Copy each record below exactly, please, and leave its pictures out.

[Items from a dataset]
********

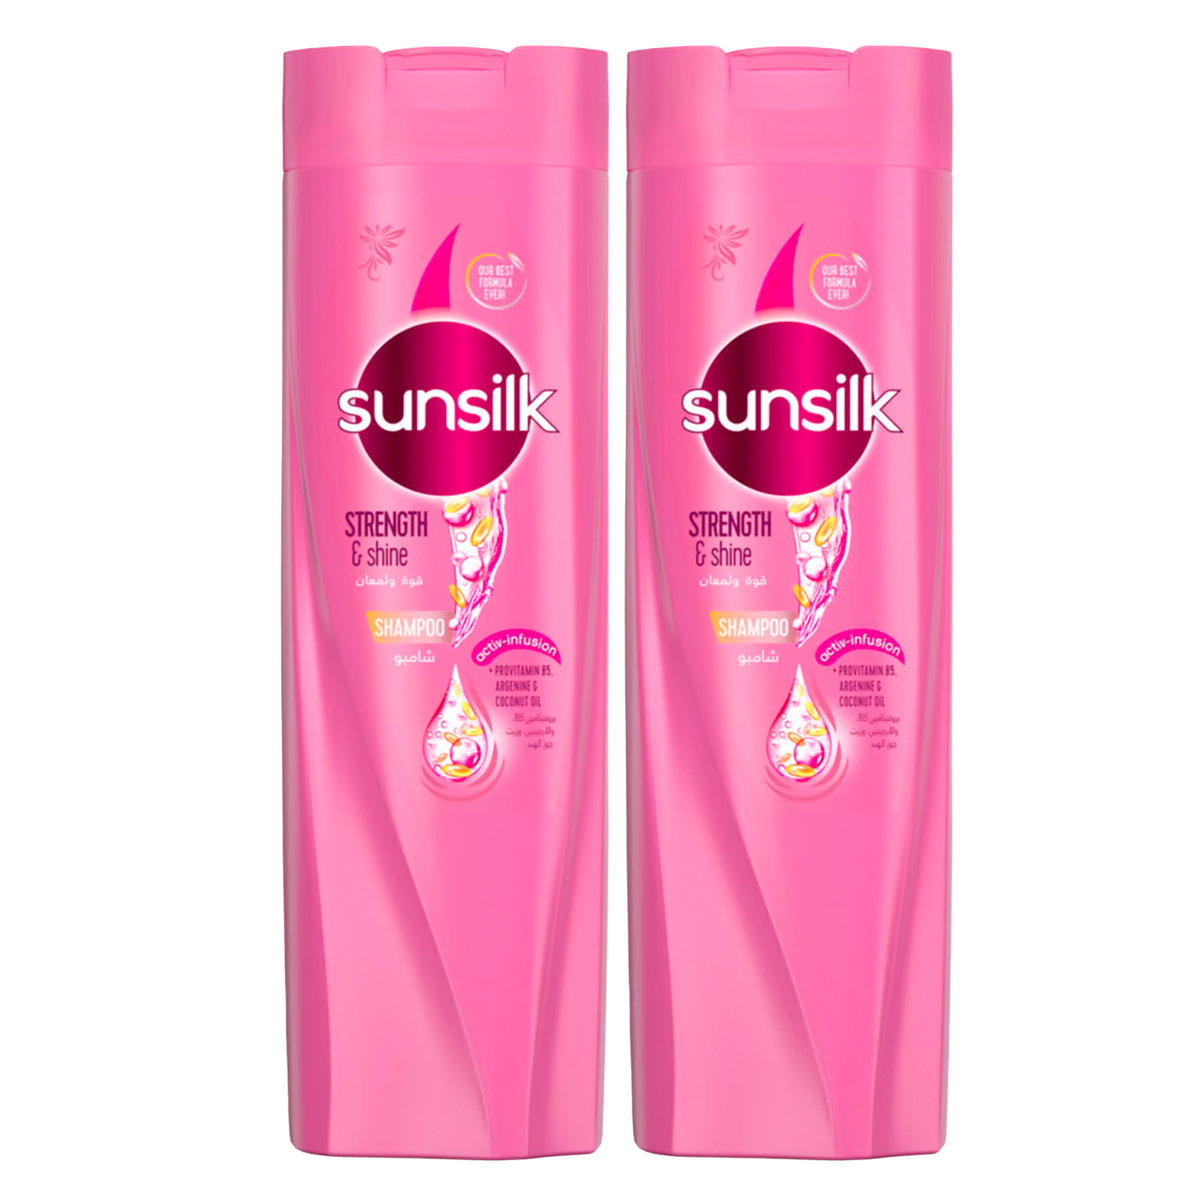 Sunsilk Strength & Shine Shampoo 2 x 400 ml
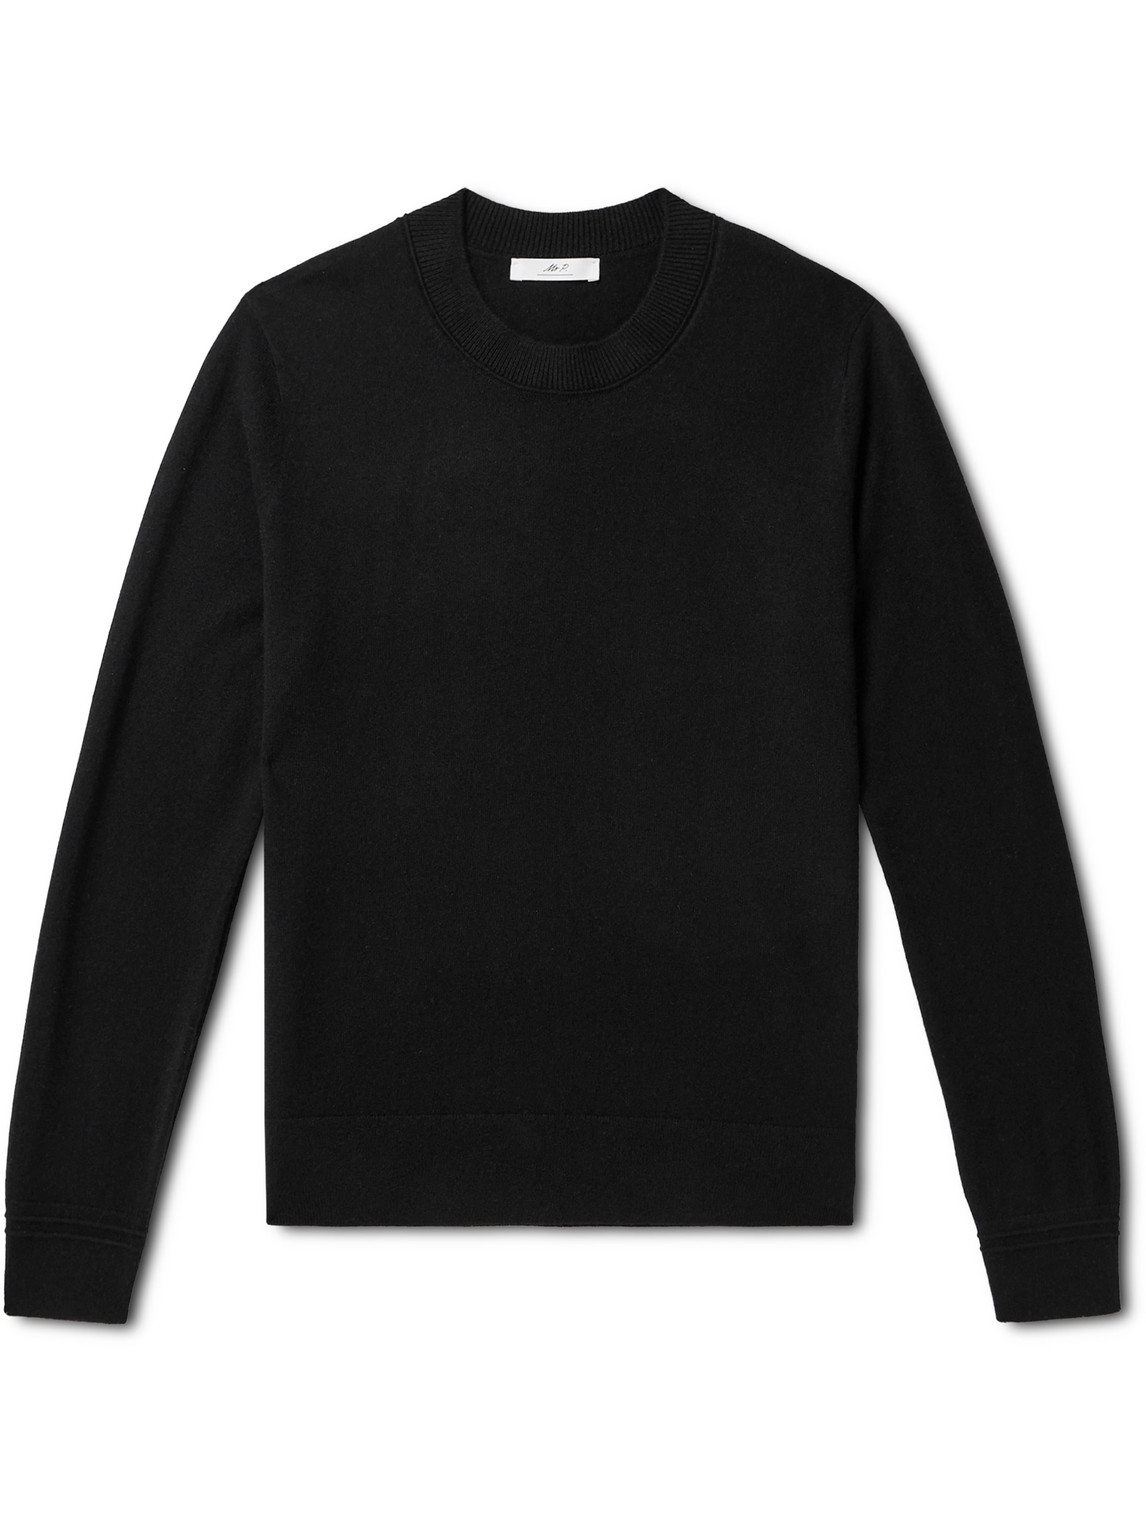 Mr P. - Curtis Cashmere Sweater - Men - Black - S von Mr P.
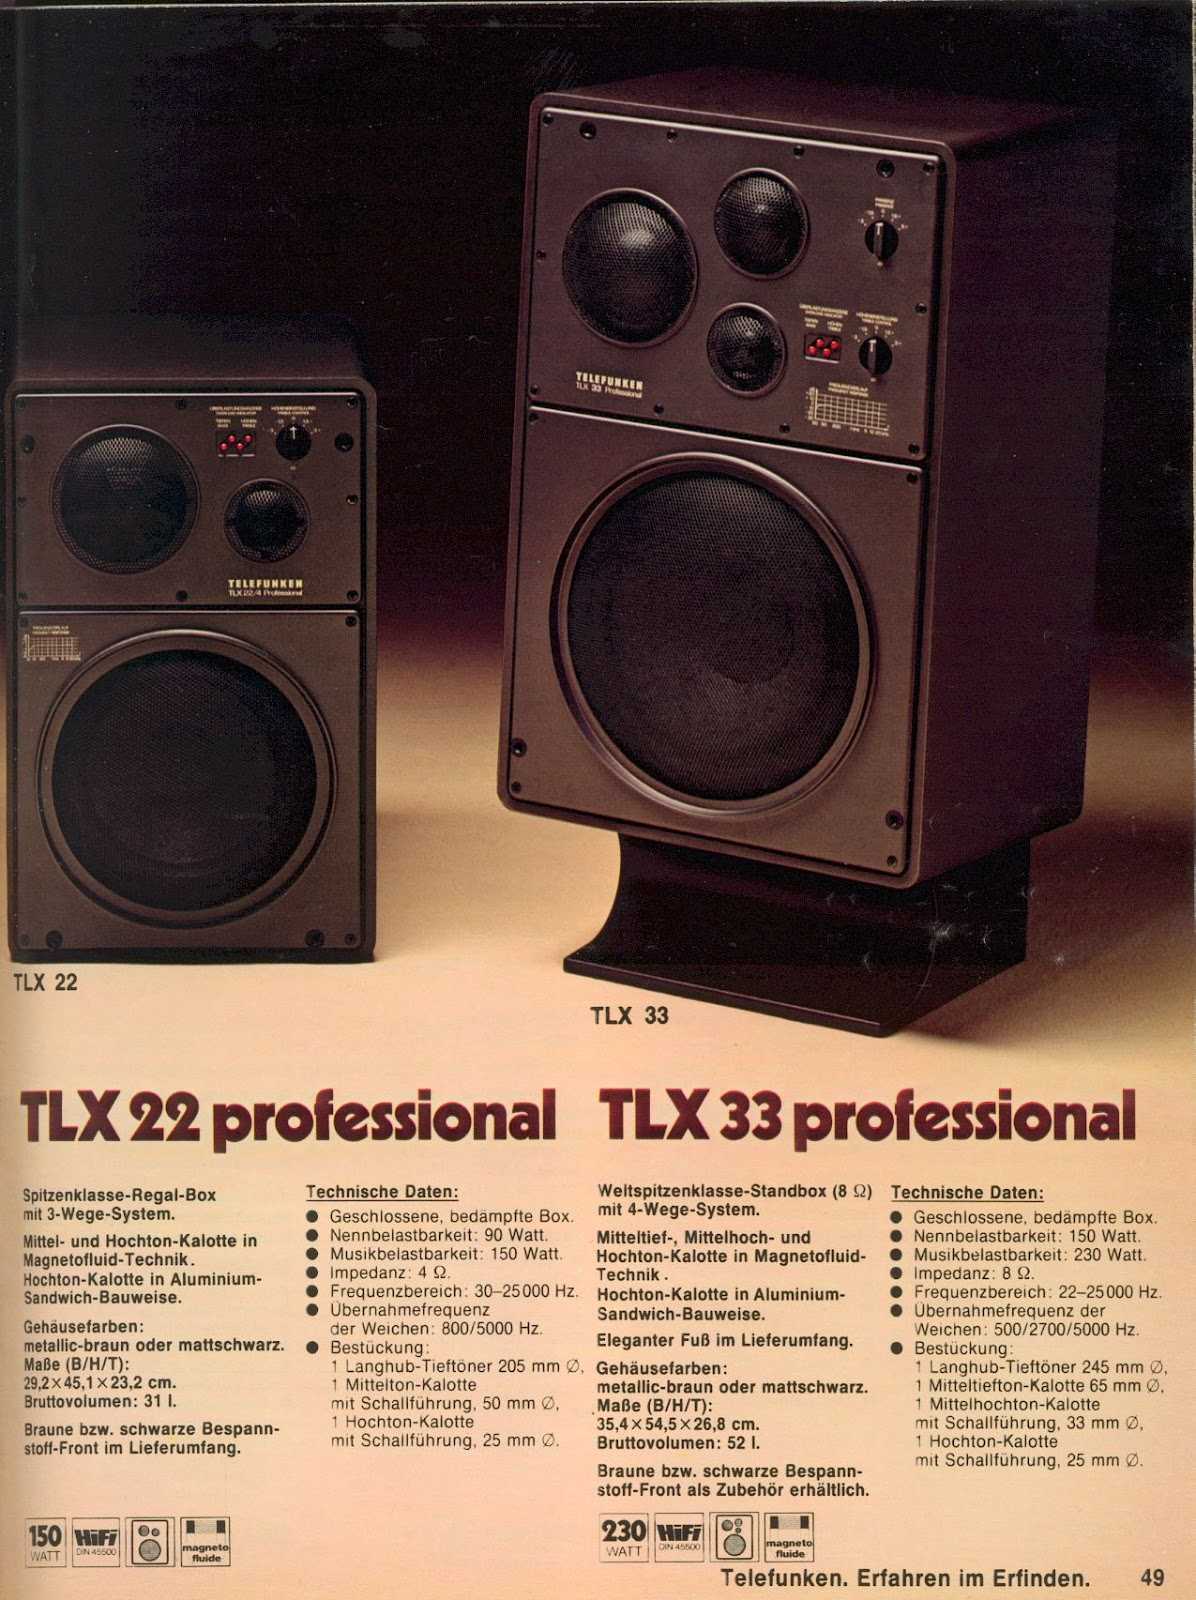 Telefunken TLX 3 редкий, очень редкий четырех-полосный громкоговоритель от бренда Telefunken, которому мы обязаны магнитной ленте когда еще в 1935г, он состоял в консорциуме AEG и видео в формате PAL Среди прочих профессиональных акустика Telefunken TLX 3
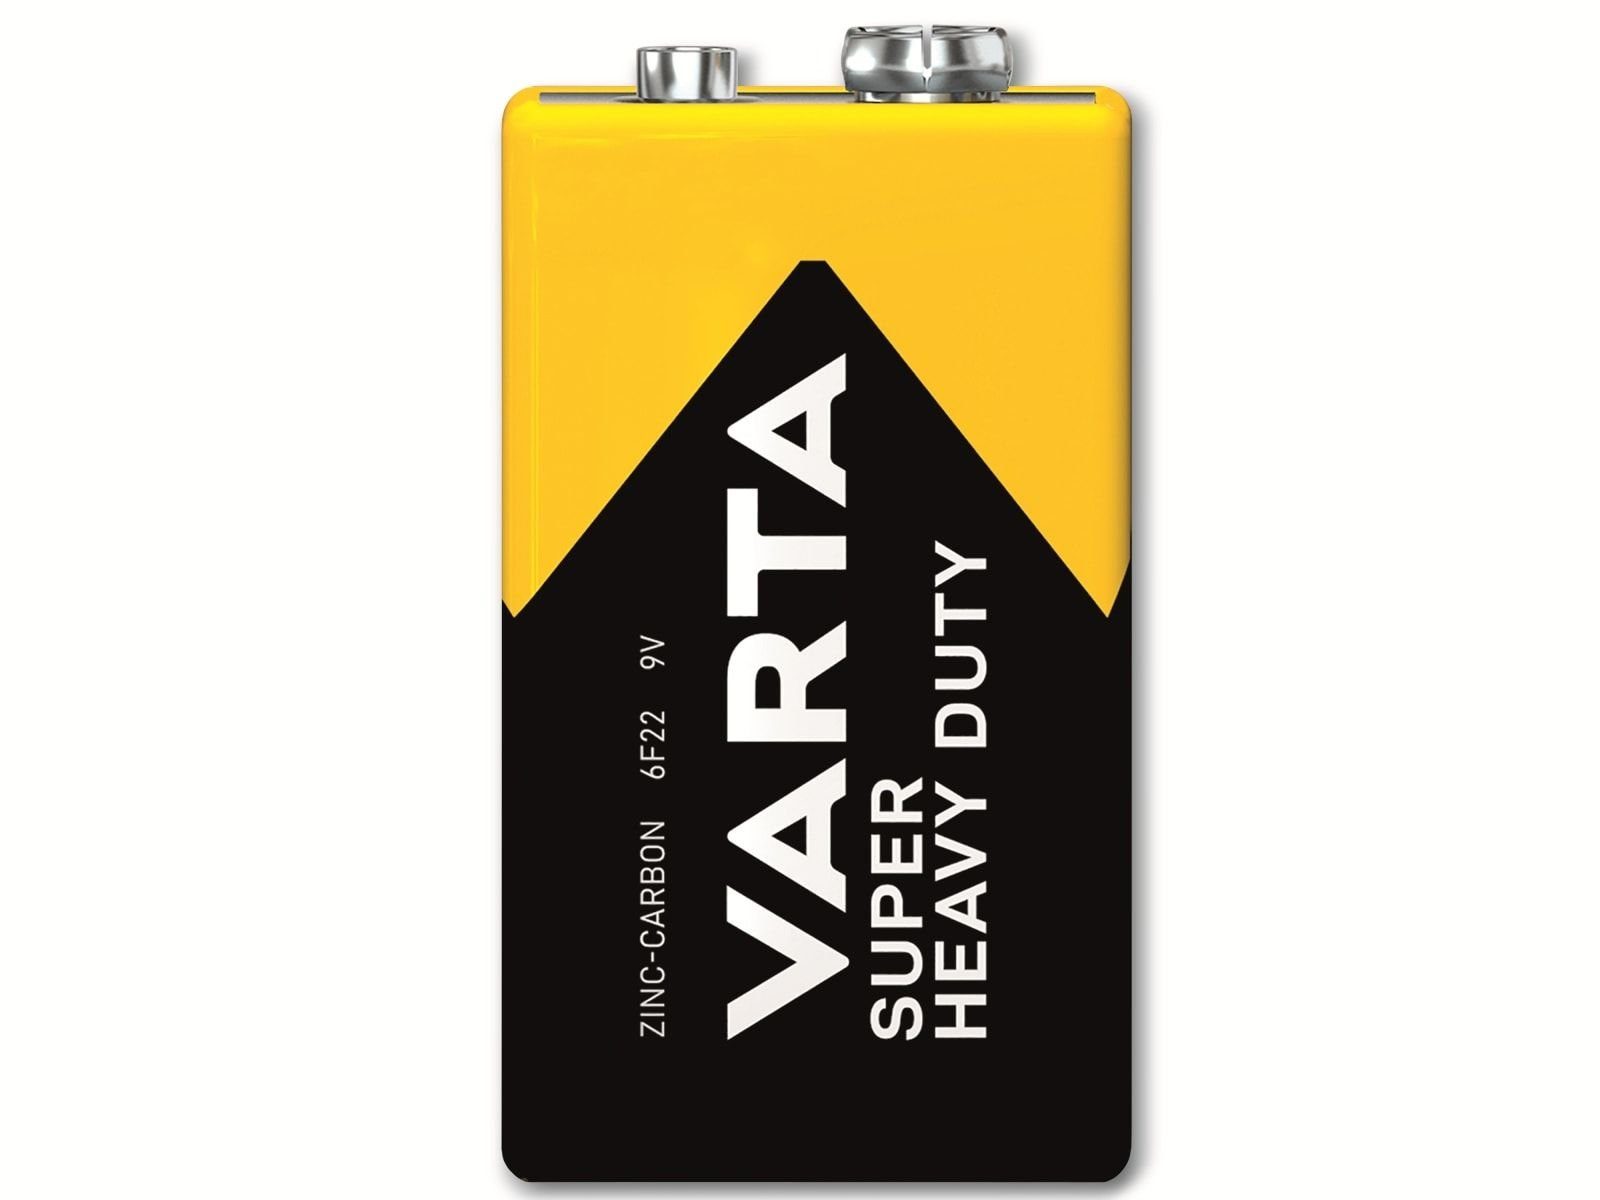 VARTA VARTA Batterie Zink-Kohle, E-Block, Batterie 9V 6F22
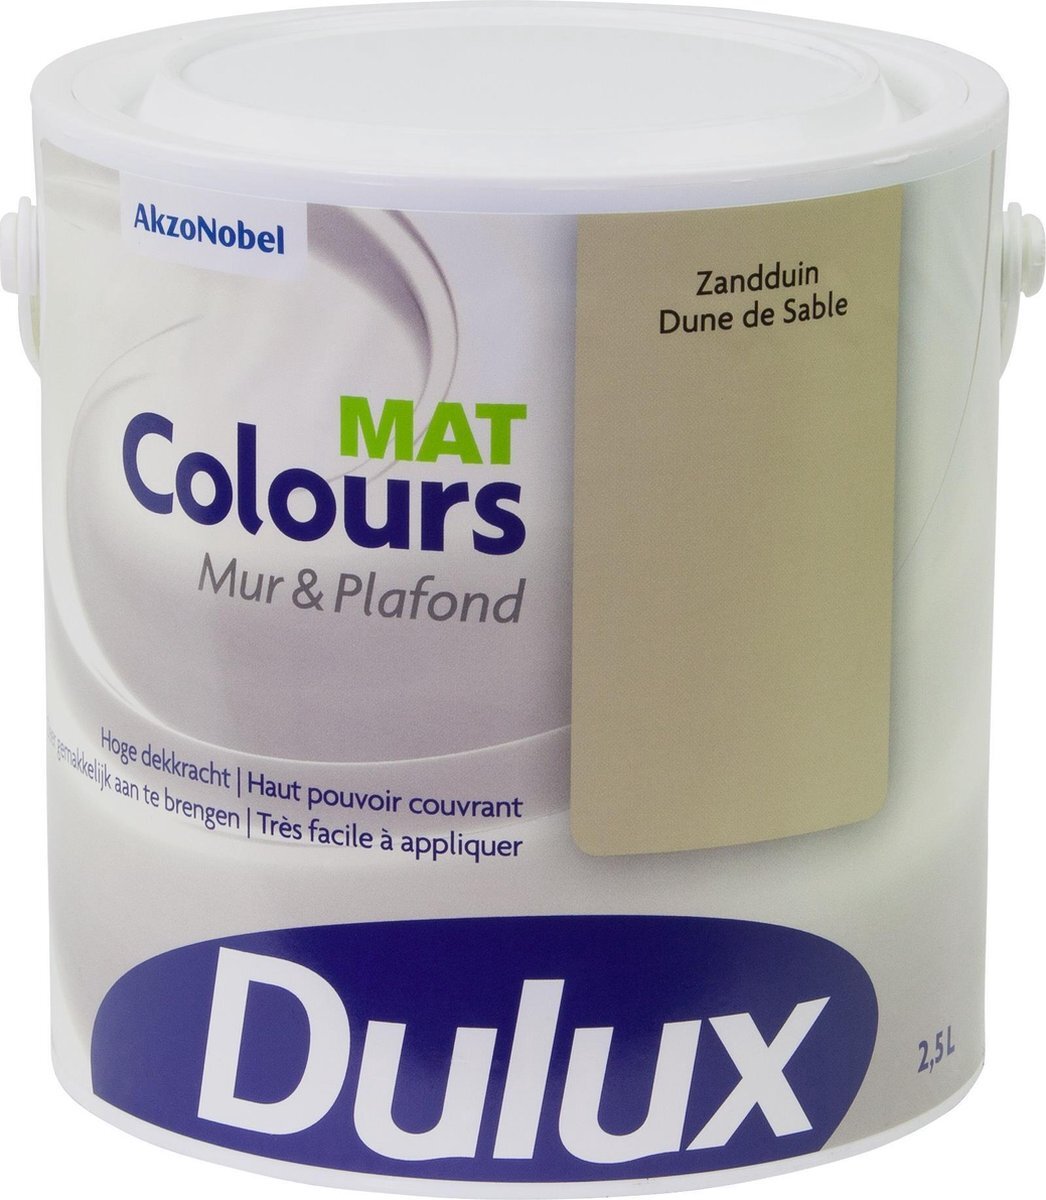 DULUX Colours Mur & Plafond - Mat - Zandtuin - 2,5 Liter

********

REPLY TO THE TASK:
 Sunsilk Strength & Shine Shampoo 2 x 400 ml
 Mr P. - Curtis Cashmere Sweater - Men - Black - S von Mr P.
 Telefunken TLX 3 редкий, очень редкий четырех-полосный громкоговоритель от бренда Telefunken, которому мы обязаны магнитной ленте когда еще в 1935г, он состоял в консорциуме AEG и видео в формате PAL Среди прочих профессиональных акустика Telefunken TLX 3
 VARTA VARTA Batterie Zink-Kohle, E-Block, Batterie 9V 6F22
 DULUX Colours Mur & Plafond - Mat - Zandtuin - 2,5 Liter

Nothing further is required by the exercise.